You can make a hybrid solution. Make a hash table where each slot is a binary tree. Say 1024 slots, each with a binary tree. Collisions on the hash go to the binary tree, no need to block everything on the insert, just the tree that needs to be updated.
In addition, if you use atomic operations and some kind of trick, you can make it even more parallel, avoiding full blocking. Atomic update to insert a new node, if atomic update shuts down, another thread adds node, just loop again until you succeed.

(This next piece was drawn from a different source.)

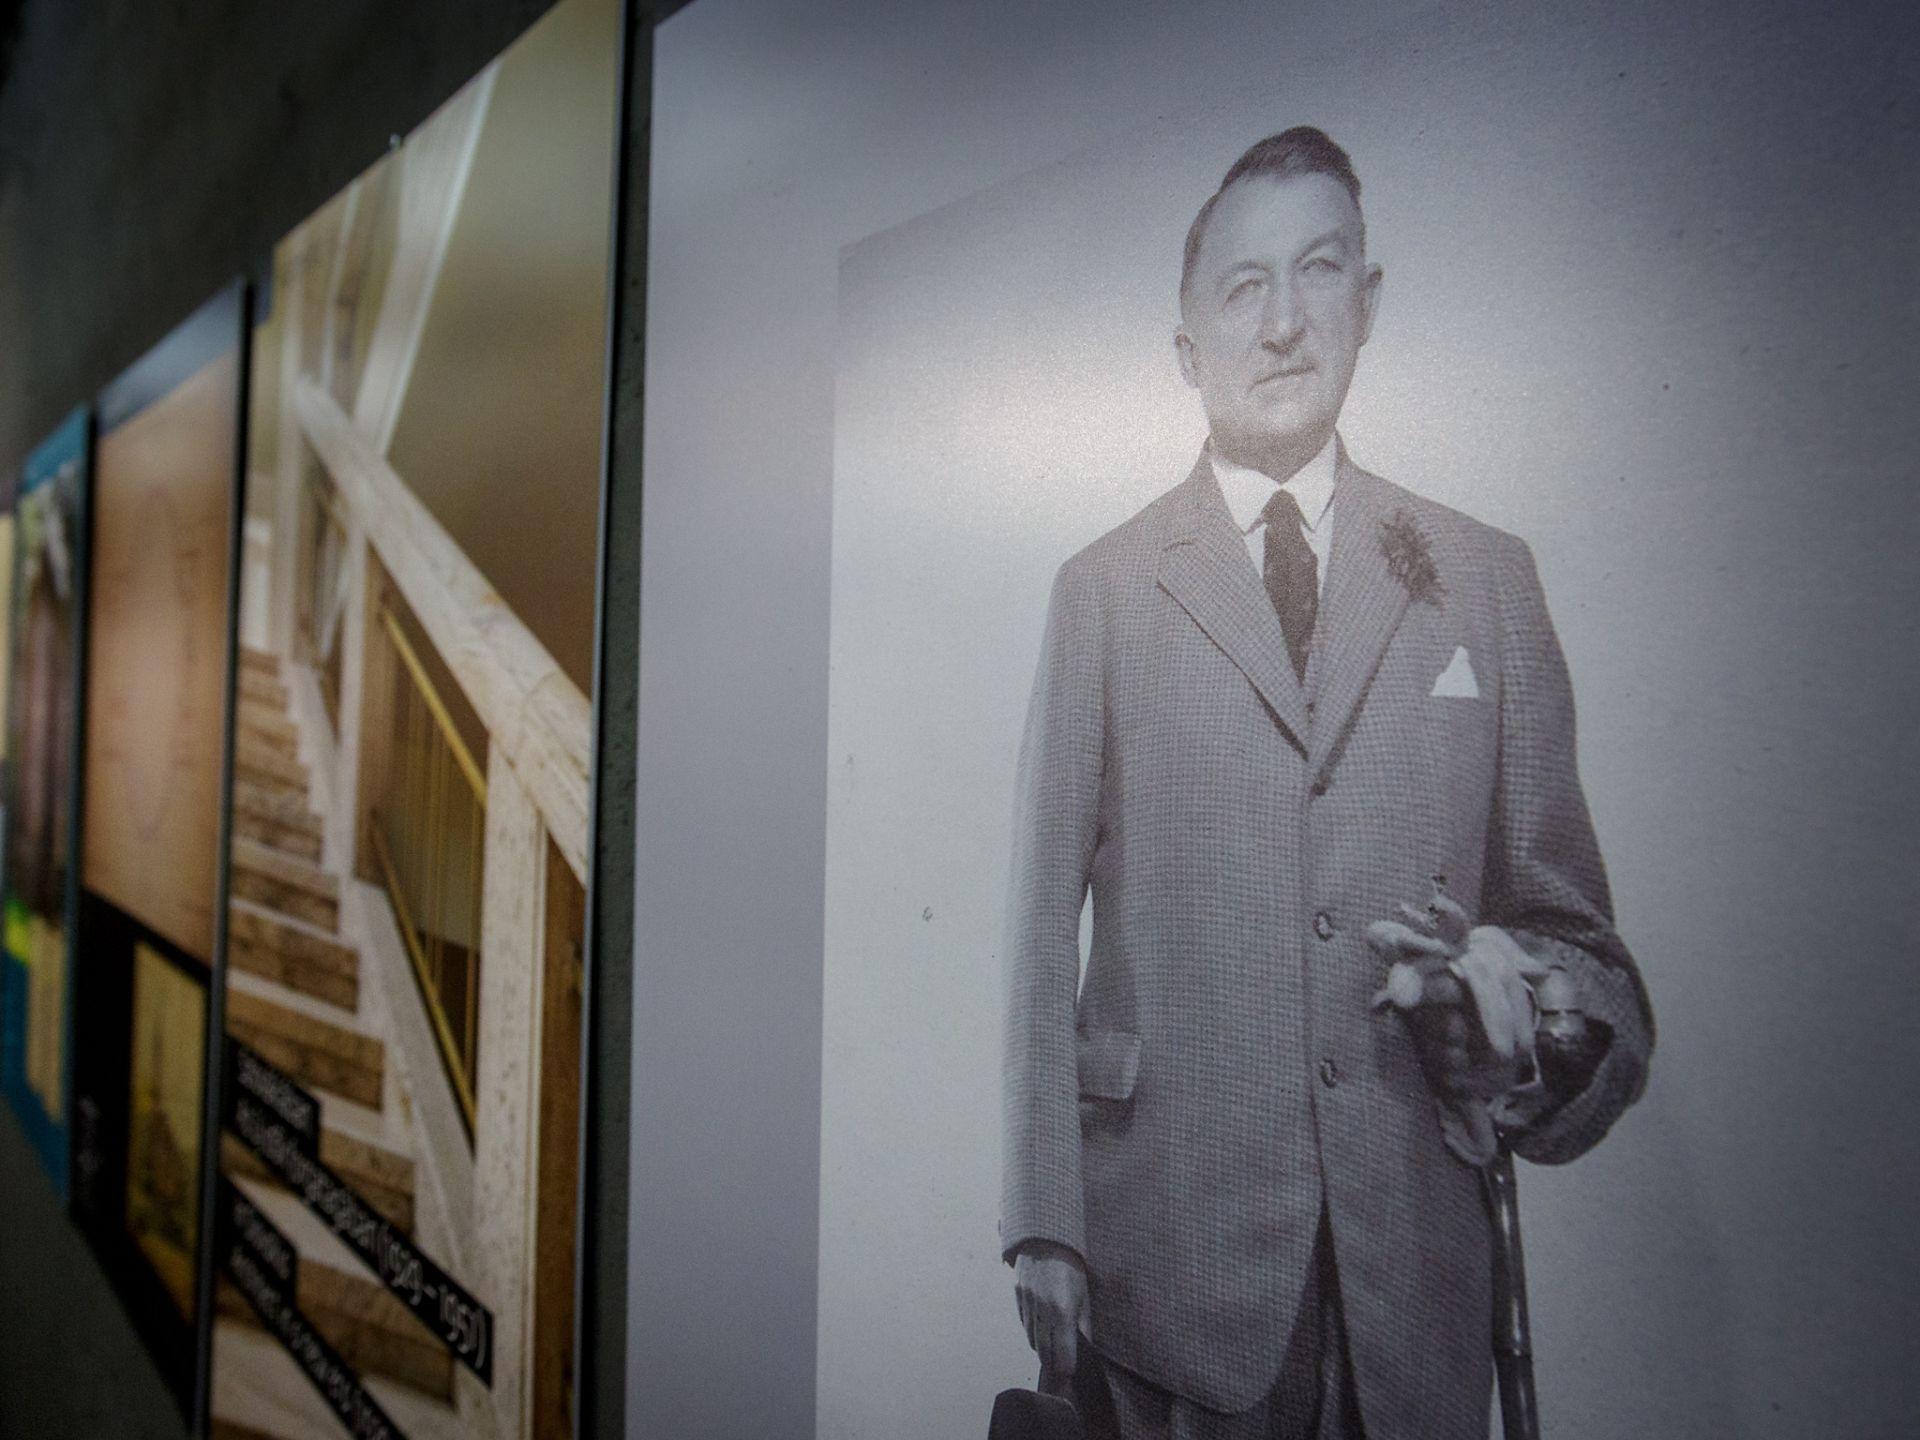 Portrét architekta M. M. Harminca z výstavy vo Fuge.

I already did this https://github.com/exodist/GSD/tree/master/Structures
This is a highly competitive hash / tree hybrid. It uses atomic operations, not mutexes. It can rotate on the insert, but it never blocks reading or updating existing keys. It can be changed / balanced / etc. You can move all entries, etc. Manages its own memory and has callbacks for ref-counting references / values. You can also โbindโ keys in one dictionary to another, so updating the key in the first changes the value of the second.
This project really increases productivity when you throw more problems when asking a problem:
(T) - how many threads are ignored by MI, slots - how many hash slots are used, and Ops - the number of elements that are inserted (divided by threads, to see how much each thread will be executed)
./performance.run T, MI, Slots, Ops: Insert Rebalance Update Resize Lookup Immute 4, 16, 1024, 5000000: 2.765500363 0.915232065 2.540659476 2.172654813 2.545409560 2.089993698 13.029449975 4, 16, 32768, 5000000: 2.122459866 1.403548309 2.413483374 1.885083901 2.092272466 2.643681518 12.560529434 4, 16, 1048576, 5000000: 1.700994809 1.063704010 2.030809367 2.457275707 1.453413924 3.671012425 12.377210242 16, 16, 1024, 5000000: 0.785675781 2.311281904 1.805610753 0.621521146 0.549546473 0.744009412 6.817645469 16, 16, 32768, 5000000: 0.497359638 0.316017553 1.257663142 0.610761414 0.390849355 0.825944608 3.898595710 16, 16, 1048576, 5000000: 0.328308989 0.647632801 1.267230625 1.139402693 0.342399827 1.189220470 4.914195405 64, 16, 1024, 5000000: 0.129407132 0.767262021 2.631929019 0.157977313 0.103848004 0.177964574 3.968388063 64, 16, 32768, 5000000: 0.087656606 0.068330231 1.365794852 0.166261966 0.079112728 0.203542885 1.970699268 64, 16, 1048576, 5000000: 0.074605680 0.284322979 1.372998607 0.650503349 0.084956938 0.828653807 3.296041360
Notes: Single launch on i7 with 8 GB of RAM. Uses the atomic gcc built-in kernels in the transition from the old __sync to __atomic, which may help performance due to memory models.